The European Council recently announced that it has extended the scope of sanctions related to Russia’s Ukraine invasion. After adding 160 individuals to the EU sanctions list, bringing the total number of individuals and entities to whom the EU restrictive measures apply to 915, it also introduced restrictive measures against Belarus President Lukashenko and other officials.
Belarusian banks were not exempt and will be affected by restrictive measures, including Belagroprombank, Bank Dabrabyt, and the Development Bank of the Republic of Belarus.
This is just the latest update from one of the regulatory bodies responsible for enacting sanctions. There is also OFAC in the U.S., OFSI in the UK and other local bodies. They are all attempting to remain aligned, creating a domino effect: it seems like new sanctions are introduced every few days, with regulators striving to lead the way, or stay aligned.
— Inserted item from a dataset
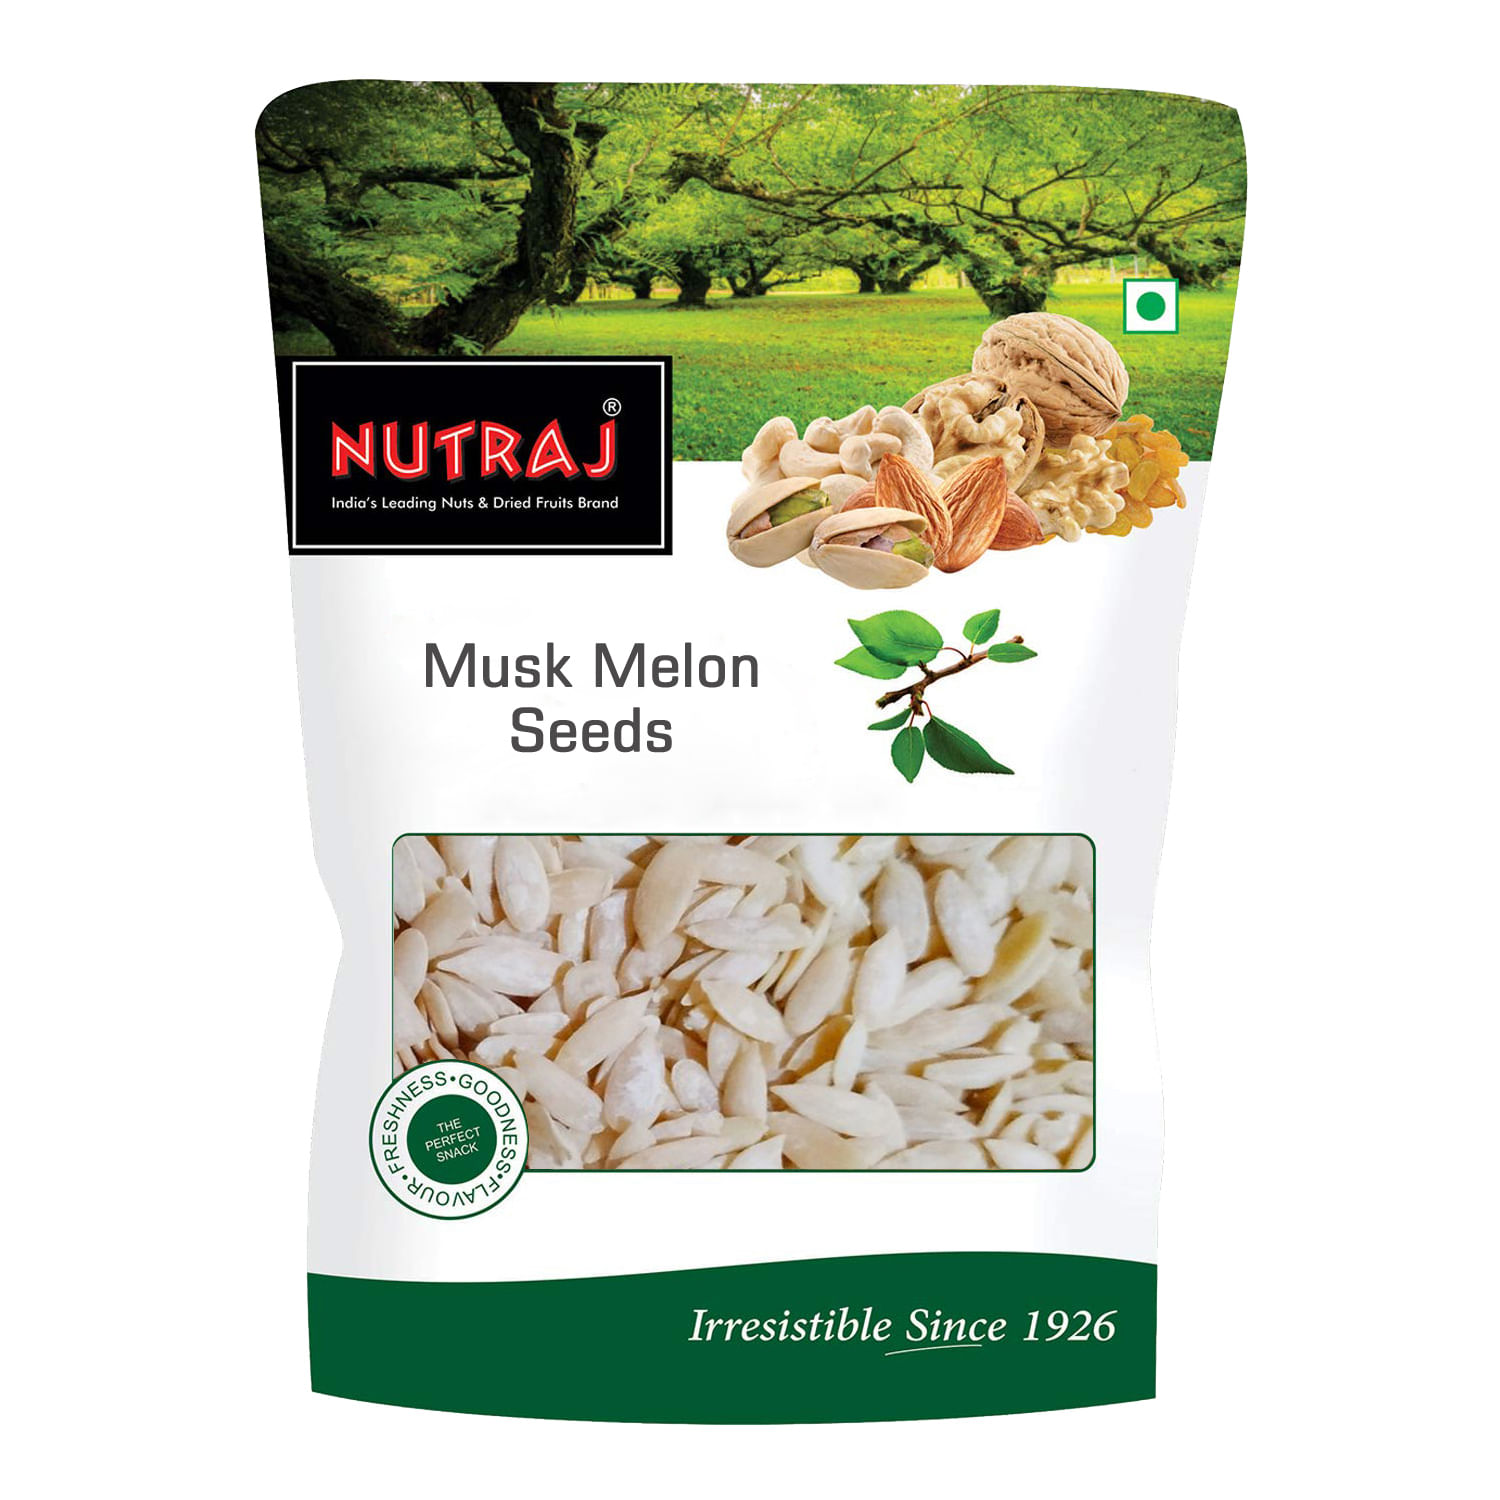 Nutraj Musk Melon Seeds 400g (2 X 200g)

Every time regulations change, or names are added in bulk to a list of sanctioned entities, banks must apply a series of processes to ensure they are not currently involved (or part of a process that could lead them to being involved) in a financial activity with a forbidden person or company. During this process, banks must identify transactions that involve a sanctioned party. Once they find such a transaction, they need to assess the bank’s role in the transaction, understand the obligations to the sanctioned party, identify the financial instruments that were issued, etc.
Instead of executing this complex, time-consuming process multiple times per week, in an attempt to be more efficient and protected from penalties, some banks are choosing to fully restrict commercial operations with all Russian and, after today’s update, Belarusian entities. Banks that enact this approach are essentially refusing to issue, confirm or authenticate letters of credit to anyone directly or indirectly connected to any Russian or Belarusian businesses, as well as all nationals of these countries.
The issue with this approach is that it likely will not reduce the complexity for banks. This would represent the largest blacklist ever created, targeting 3.75 million businesses and their affiliates, and 154 million individuals and their close relatives. Even for the banks that find this process to be somewhat manageable, they may not be able to exactly measure the impact of such drastic measures, and the definition of which entities are connected to Russia is “grayer” than one would think.
Within the context of trade finance, Windward data shows that there are 4,868 active vessels with a Russian company listed in their ownership and management structure, including 2,145 cargo vessels, and 1,048 tanker vessels.
As of the time this piece was published, only 39 of them are officially sanctioned vessels, but that certainly doesn’t guarantee that the rest are safe for business. In fact, any transaction in which one of these vessels plays a role that would generate revenue to a Russian entity that owns or manages it, likely violates the new sanctions. Aside from the possible fines, the risk of reputational damage that comes with non-compliance is possibly more important to banks.
This creates a reality in which financial institutions need to move from a relatively straightforward “yes/no” approach to vetting counterparties to fully understanding the ownership structure and business relationships of a company, down to their stakes in individual vessels. And yet, most transactions will have a Bill of Lading attached to them, but rarely the full details of the vessels facilitating the trade.
Ideally, sanctions compliance teams would have access to the vessel IMO, which would provide a unique identifier. But in most cases, the only information provided are the vessels’ names, or partial names. There is no way to achieve the level of granularity needed to be fully covered in an effective way, without the use of AI-driven technology.
Windward’s Maritime AI platform leverages fuzzy search capabilities to minimize the number of vessels that require further investigation and confidently flag or clear transactions. Overall, Windward allows an efficiency gain of at least 97.2% to the detection and investigation process, by immediately understanding the risk level of any vessel, based on customizable risk criteria, and automatically mapping its seven levels of ownership.
Now, more than ever, banks require the ability to cut through the confusion and drill down into the supply chain of every transaction, to stay on the right side of regulations.